4 Simple Daily Mindfulness Practices
Do you ever feel overwhelmed at work? Relationships are in tatters? Or maybe you just can’t relax? I’m not surprised, the world is increasingly demanding. Being at your best is no longer a luxury; it’s a necessity for success.
Don’t worry though; these four simple daily mindfulness practices will help out.
You’ve probably thought about trying mindfulness, but didn’t know where to start. Being mindful isn’t as hard as you might imagine. You don’t have to clear your mind completely, it really all boils down to attention, with some extra tricks.
Mindfulness is about paying attention to your senses and feeling connected to your body. This type of mindfulness is called Shamatha. Classically it would concentrate on breathing, however if focusing on breathing isn’t your thing, pick something you prefer. So long as it’s a sensory experience happening in the present moment, like the flicker of a candle, the smell of dinner or the warmth of the sun.
1. GO FOR A WALK
I find walking between appointments or to or from work is a great opportunity to put down the smart phone and pay attention to what’s going on around me. Along the way you might observe things like temperature, the texture of the footpath, the sound of the wind or people talking.

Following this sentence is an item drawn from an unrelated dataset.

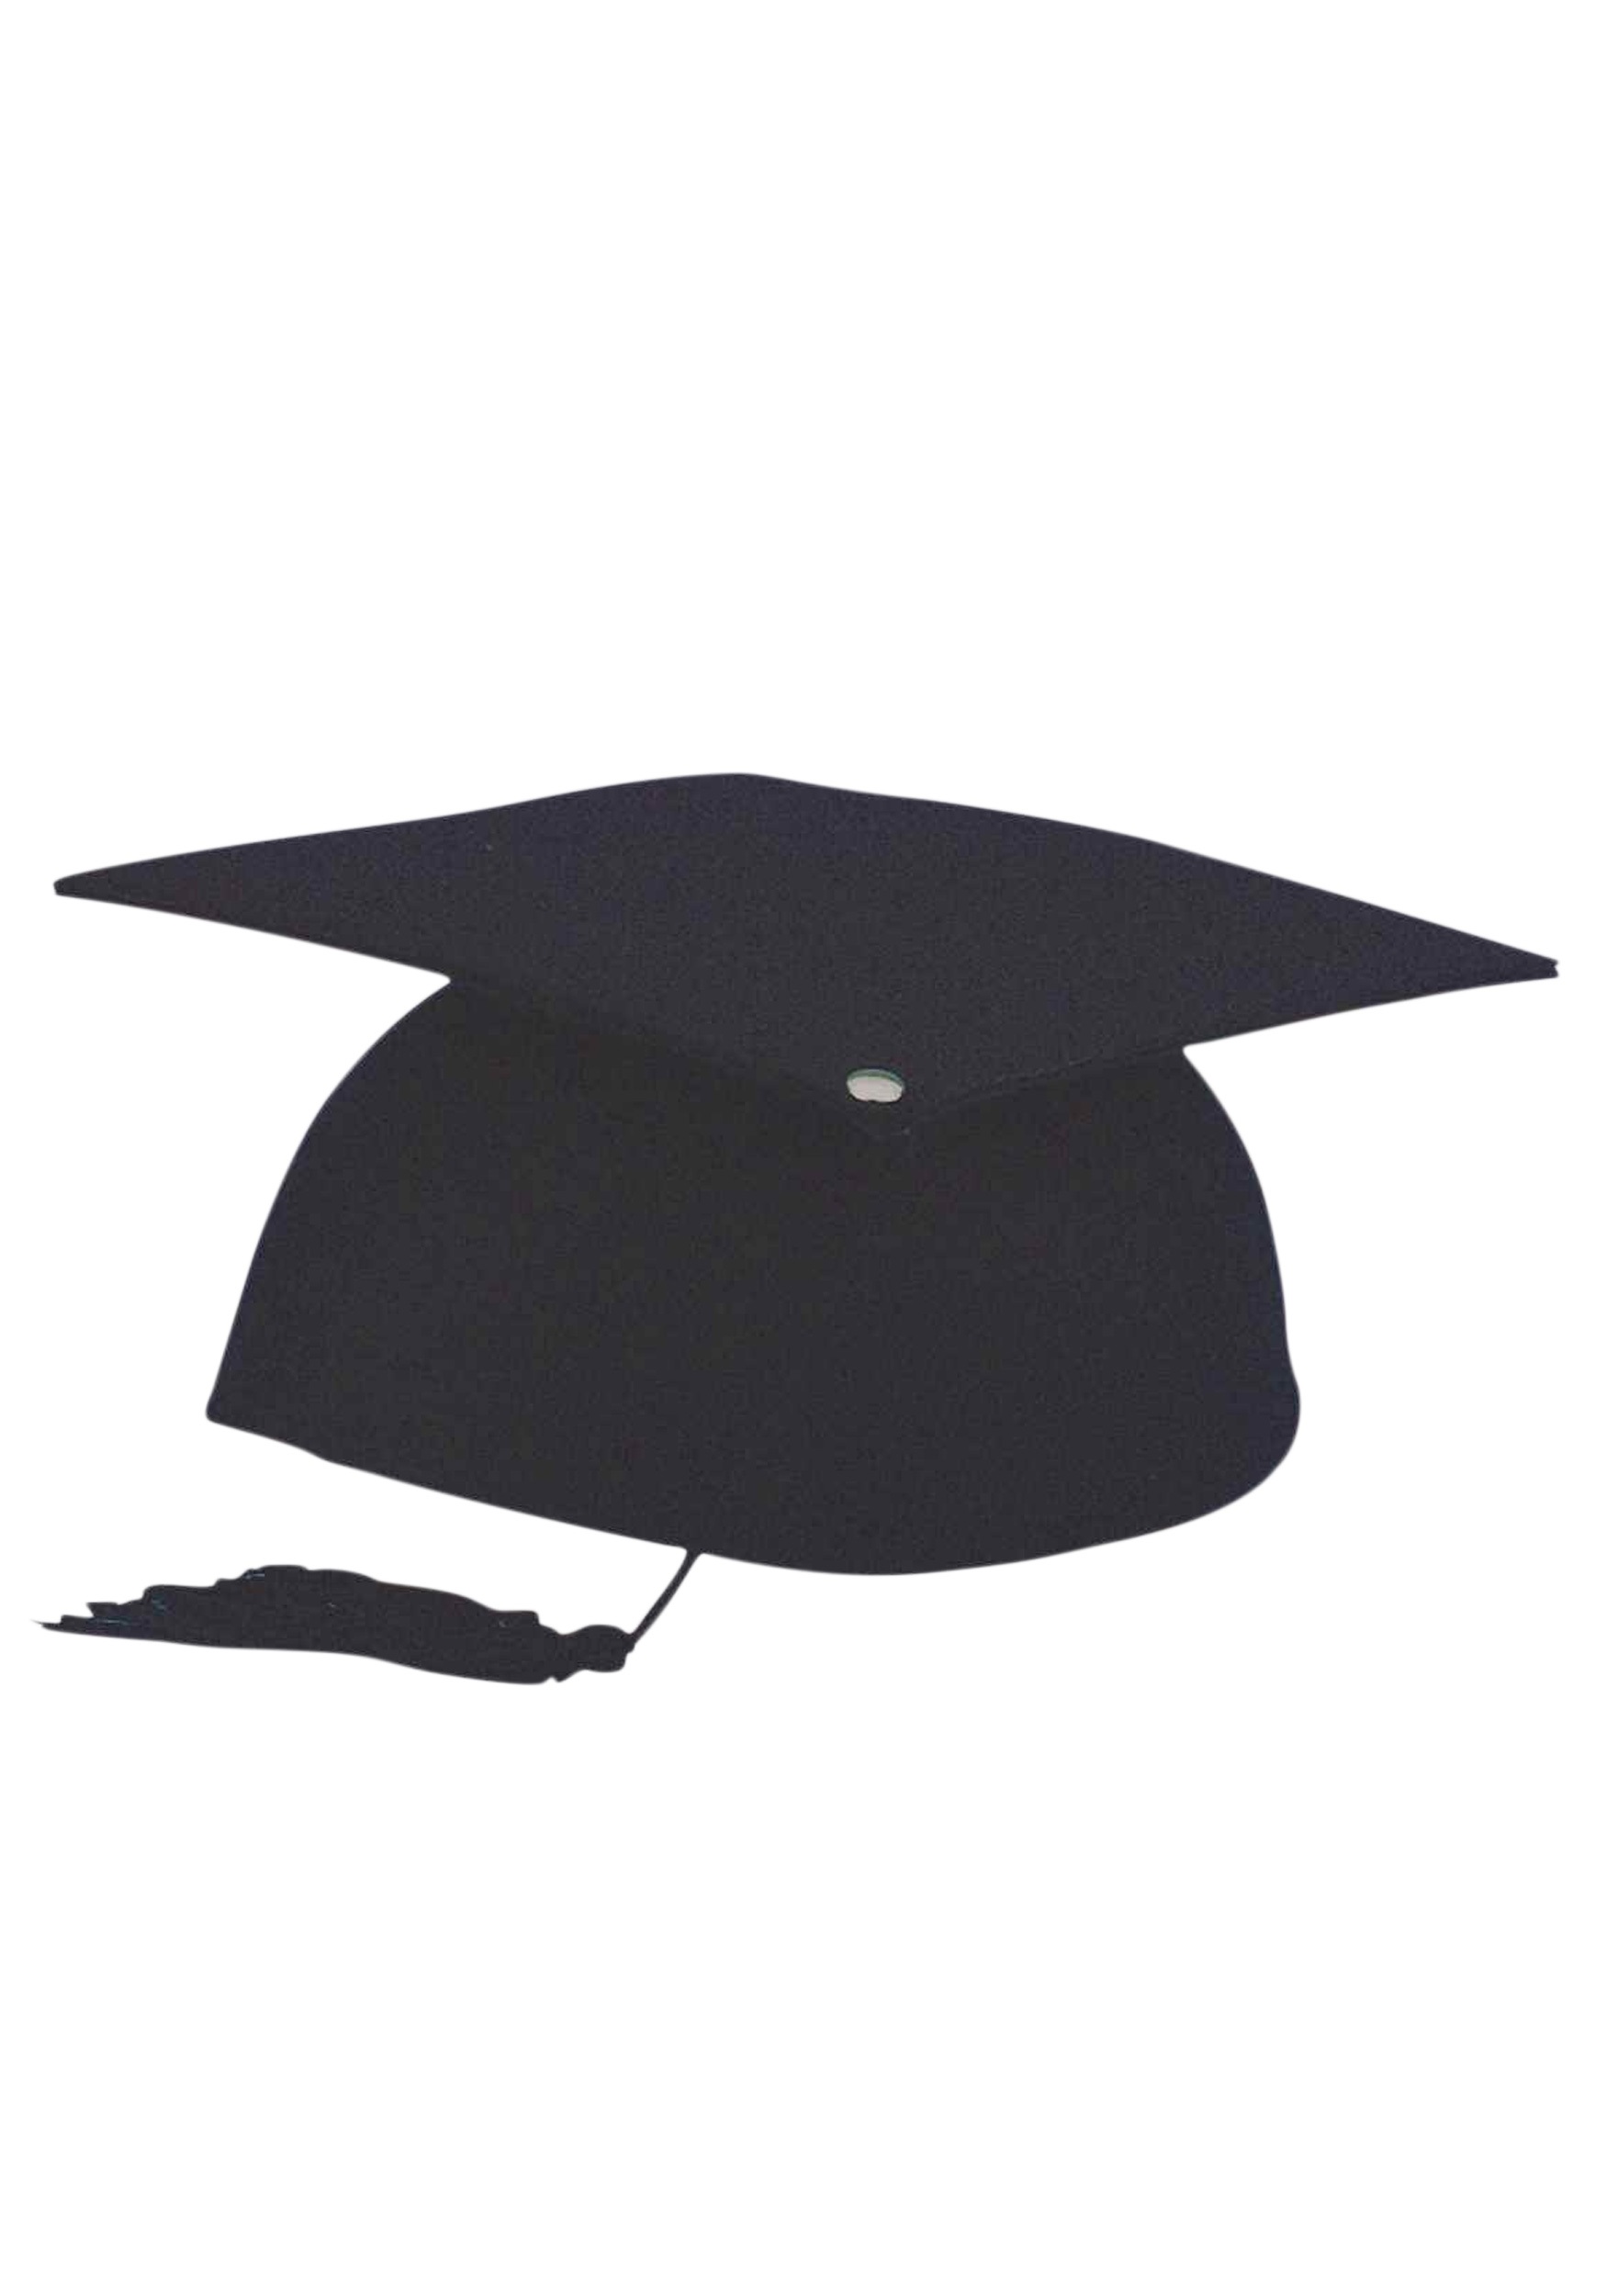 graduation cap black and white clip art

If you’ve got time at lunch, really slow down to enjoy your food. People who eat mindfully, savouring the whole experience, tend to eat less and enjoy their food more!
2. TAKE A MINDFUL STOP
Many people find this little trick useful, especially to help cope with difficult experiences, like a meeting with the boss where emotions tend to flare. The mindful STOP is easy to remember:
S – Slow down and stand up straight.
T – Take 3 deep breaths.
O – Open your awareness to your senses and observe.
P – Pinpoint the priority and proceed with it.
Building this into your repertoire is a great way to gain perspective and reduce stress. By doing this, we can disrupt most of the worries and thoughts we get stuck on.
3. BE IN THE PRESENT
Don’t get caught up trying to control what’s out of your control. Very often we struggle to make changes to the present moment because we are focused on the future. No matter what your goals are, you can only act on them now by problem solving and working today – not in the future.
There’s an old English proverb that states: “Worrying is like sitting in a rocking chair. It gives you something to do, but it doesn’t get you anywhere.”
4. JUDGE YOURSELF DIFFERENTLY
This is a mindfulness trick if ever there was one. Instead of beating yourself up for not reaching a milestone, focus on the things in that process that you did really well. This practice builds self-worth and resilience. The next time you face a similar situation you’ll be ready and are more likely to succeed. For example, you mightn’t have had your project approved, but you put your best effort into it and that’s testament to a characteristic in you that will lead to success.
We all know it’s increasingly easy to get side tracked and derailed by the pace and demands of the modern world. To get the balance back onto your side, pick the single most important thing you can attend to right now and work on it. Pay attention to it with all your senses, get a feel for the issue and yourself, and use this awareness in building perspective into your problem solving. When things get to be overwhelming do a mindful stop. Finally, make sure in whatever happens, you judge yourself by the things you did well.
These daily mindfulness practices will help you improve your mental health, reduce the amount of noise to shift through and focus you on the things that will help you reach your goals faster.